In our cohort, individuals with hyperparathyroidism were likely to have higher risk for diabetes as shown in Table 5. Nevertheless, our finding that a higher 25(OH)D concentration has a beneficial effect on risk of diabetes is encouraging to older people. The beneficial effect of higher 25(OH)D could be due to improving insulin sensitivity and anti-inflammatory effects [40, 41[40,41] although the exact mechanisms by which a higher 25(OH)D concentration lowers diabetes risk remain unclear.

Individuals who were doing regular strenuous exercise were likely to have a lower HR associated with higher 25(OH)D concentration (Table 6). A similar association was present in those with higher levels of PTH (Table 6). Skeletal muscle has VDR [42]. Strenuous exercise itself has a favorable effect in controlling diabetes through increasing glucose utilization in muscle and insulin sensitivity [43].


The present study has several limitations. The study participants were relatively healthy middle to upper-middle class Caucasians, who had good access to health care. As a result, our findings may not be generalizable to other populations.

Rancho Bernardo, located 16 miles north of San Diego, CA, has sunny weather throughout the year. This natural environment helps the participants maintain higher 25(OH)D concentrations in blood without vitamin D supplementation. Previous studies have shown that 95% of 25(OH)D is a product of photosynthesis of vitamin D3 in the skin [44], and it is probable that there is more sunlight reaching the members of this community than members of previously studied communities.

Generalizability with certainty to areas less sunny than southern California could be examined by repeating the study.
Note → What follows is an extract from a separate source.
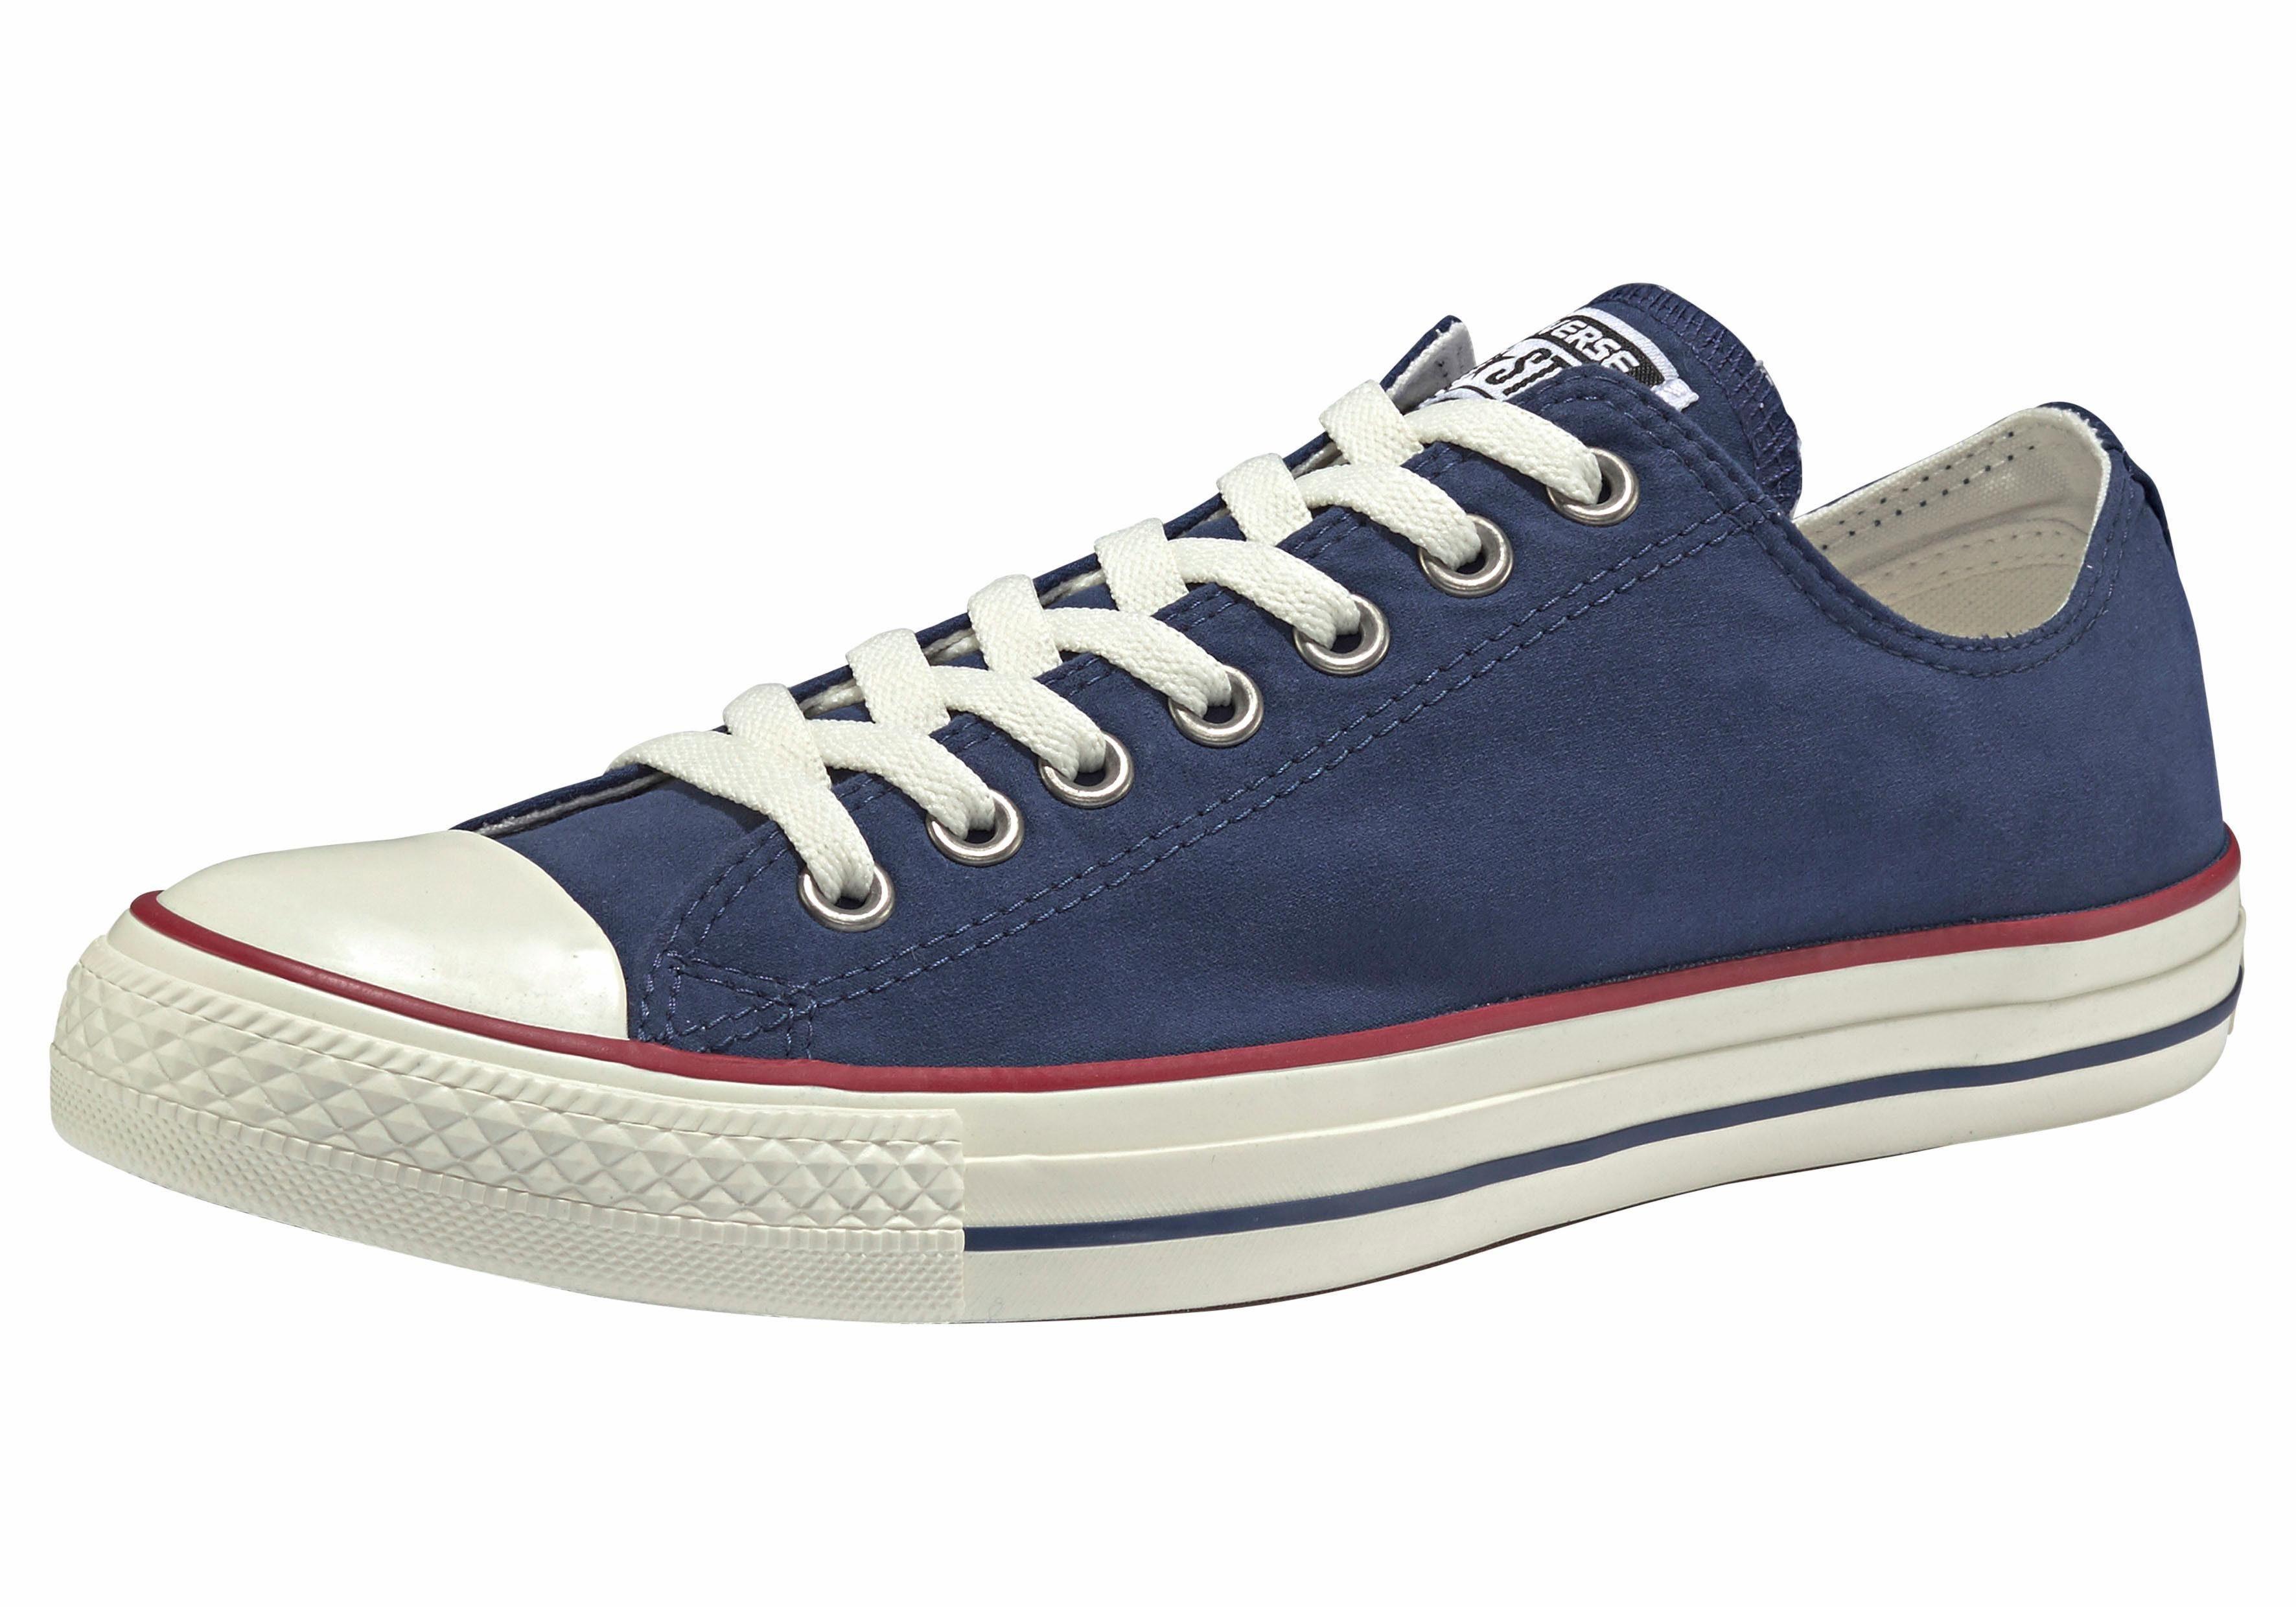 Converse Chuck Taylor All Star Ox Sneaker kaufen  dunkelblau
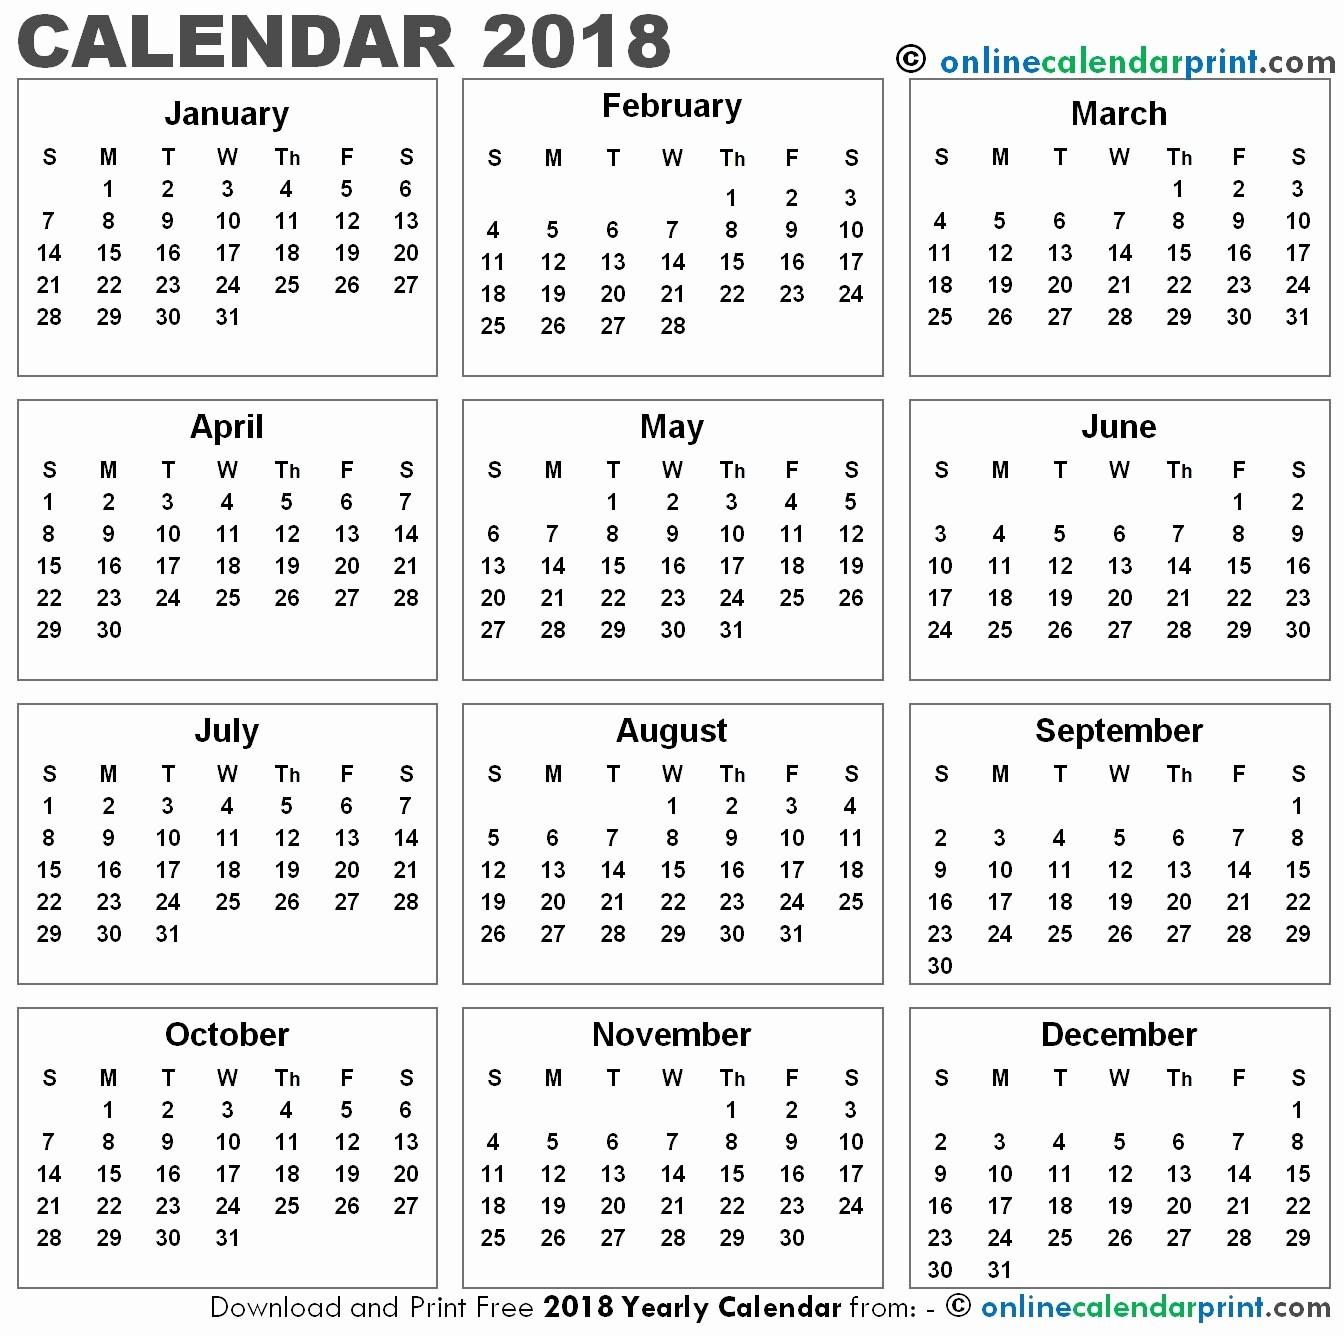 12 Month Printable Calendar 2018 Unique 12 Month Printable Calendar 2018 One Page – Template

However, an association in the same direction as found in this study was present in another cohort whose members lived throughout the U.S. [45], although the association was not found in another cohort [46]. The present study will help resolve the question of whether the association is present in men and in older women.

It is also possible that the higher concentrations observed in this study might have been due to differences in laboratory assay techniques. The competitive binding protein assay may produce higher 25(OH)D results compared with radioimmunoassay and high-performance liquid chromatography [36, 47]. Concentrations of 25(OH)D and 1,25(OH)2D found in the Rancho Bernardo cohort may not be directly comparable to those in studies using different assays.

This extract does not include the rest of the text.